Unemployment Heads the Wrong Way in December

January 4, 2013 by Jon C. Ogg

The U.S. Labor Department is out with the December 2012 unemployment rate and with the payrolls report. Unemployment rose to 7.8% in December, and November was revised to 7.8% from 7.7%. Dow Jones was calling for December to come in at 7.7%, and Bloomberg was calling for 7.8%.

The big number here to focus on was the change in nonfarm payrolls. This rose by 155,000 in December, down slightly from the 160,000 expected by Dow Jones and right in line with the 155,000 expected by Bloomberg. The private sector added some 168,000 payrolls in December.

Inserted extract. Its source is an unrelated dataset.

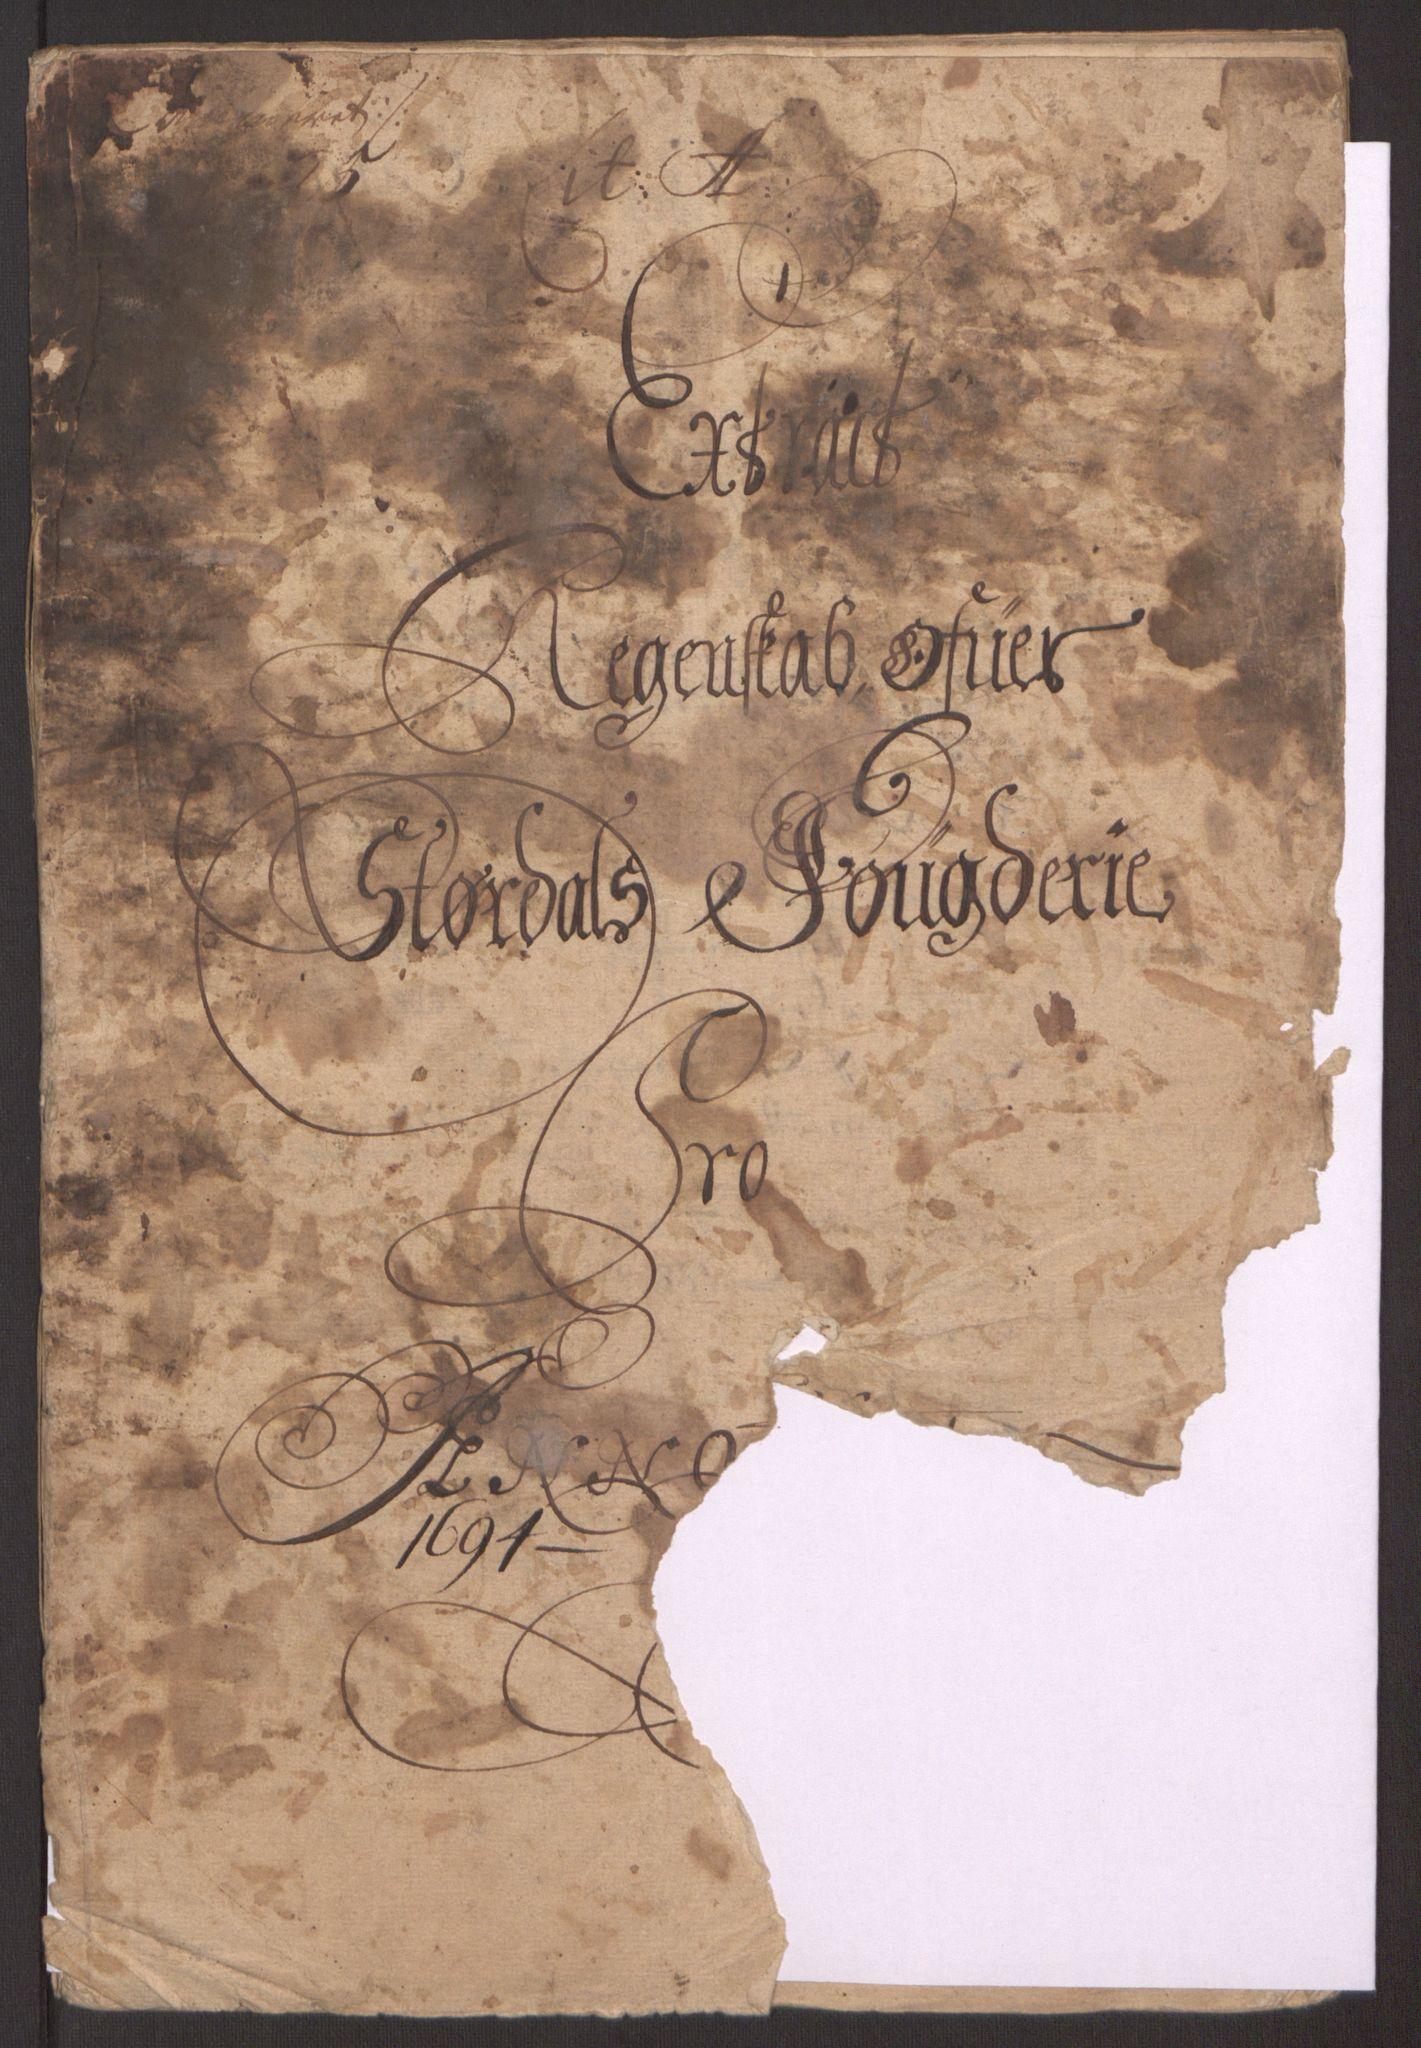 RA, Rentekammeret inntil 1814, Reviderte regnskaper, Fogderegnskap, R62/L4186: Fogderegnskap Stjørdal og Verdal, 1693-1694, s. 141

November’s nonfarm payrolls was revised slightly higher to 161,000 from 146,000 reported initially.

Average earnings rose by $0.07 to $23.73 per hour, and workers worked 0.1 hours longer with the average work week up at 34.5 hours.

Note that today’s data comes had a cut-off date that was well before the outcome of the fiscal cliff was known.

The jump of 30,000 in construction jobs might have been continued gains from the hurricane in Northeast earlier in the quarter. Manufacturing jobs only added 25,000, and health care jobs added another 45,000. Of the 13,000 jobs lost in government, only 3,000 came from the federal government.